Support Questions

Find answers, ask questions, and share your expertise

Is there a way to do a count Approx for a dataframe (not rdd)in spark 1.6

avatar

I was wondering how to do an approx count of a dataframe without converting to an rdd in spark 1.6.

Is there a possible hack or not.

If anyone has any solutions please let me know thanks.

1 ACCEPTED SOLUTION

avatar

@elliot gimple I know it's not really what you want but there's an .rdd method you can call on a DataFrame in 1.6 so you could just do `df.rdd.countApprox()` on that. I'd have to look at the DAG more closely but I think the overhead is just going to be in converting DataFrame elements to Rows and not generation of the full RDD before `countApprox` is called -- not 100% sure about that though.

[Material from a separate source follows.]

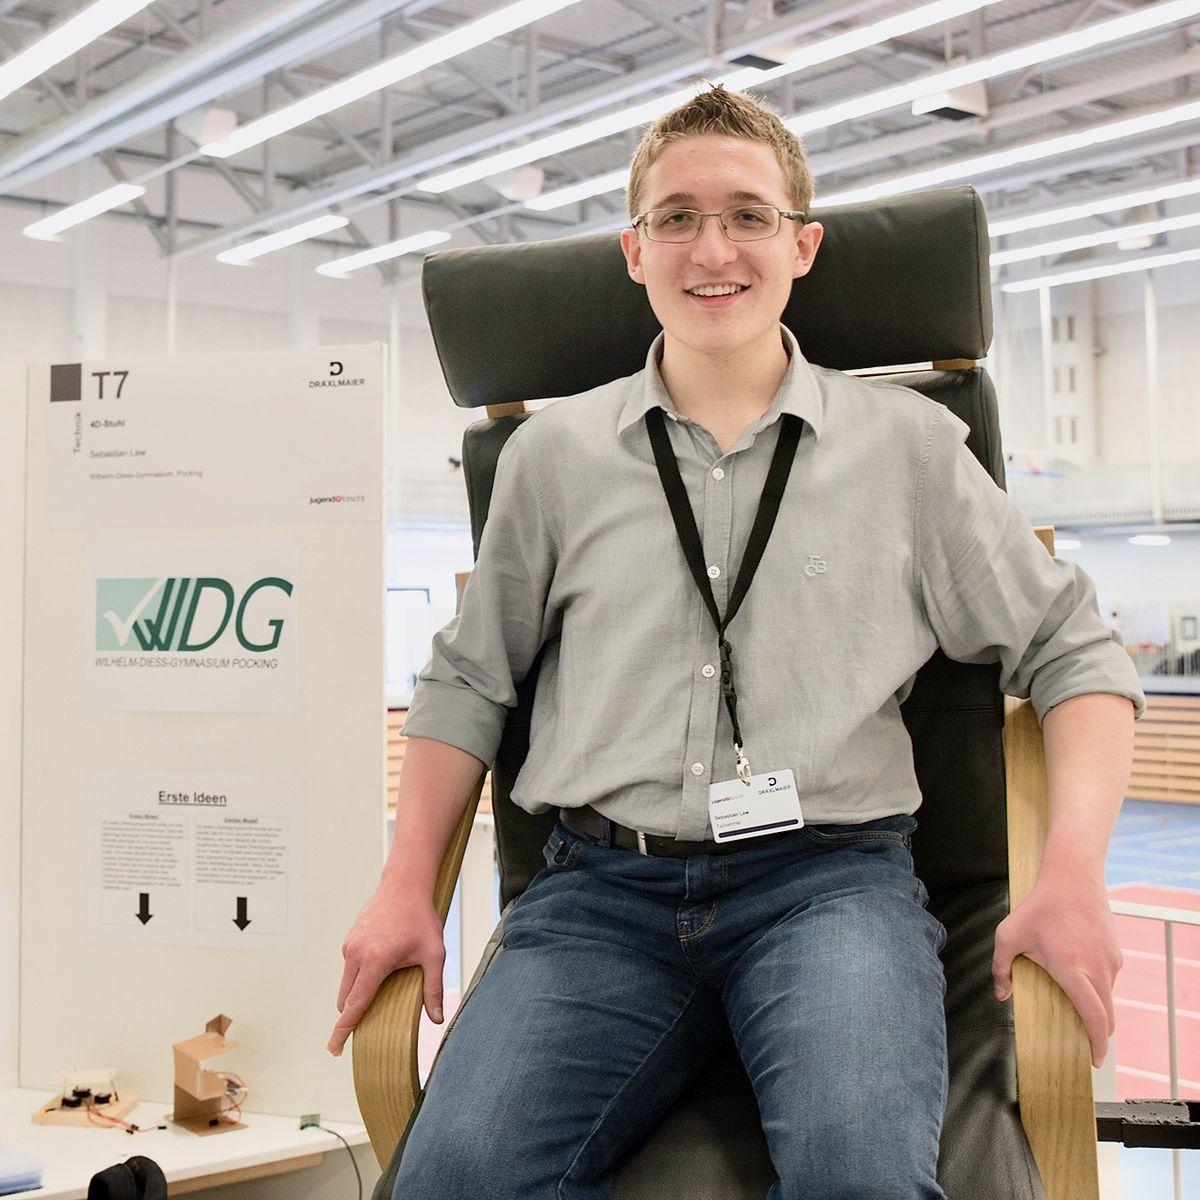 """Sebastian Lew entwickelte in mehr als 1.000 Arbeitsstunden einen 4D-Stuhl, der ihm bei """"Jugend forscht"""" einen Sonderpreis bescherte."""

View solution in original post

2 REPLIES 2

avatar

@elliot gimple I know it's not really what you want but there's an .rdd method you can call on a DataFrame in 1.6 so you could just do `df.rdd.countApprox()` on that. I'd have to look at the DAG more closely but I think the overhead is just going to be in converting DataFrame elements to Rows and not generation of the full RDD before `countApprox` is called -- not 100% sure about that though.

avatar

Thanks this is I what I use but I wish there was one just for the dataframe specifically.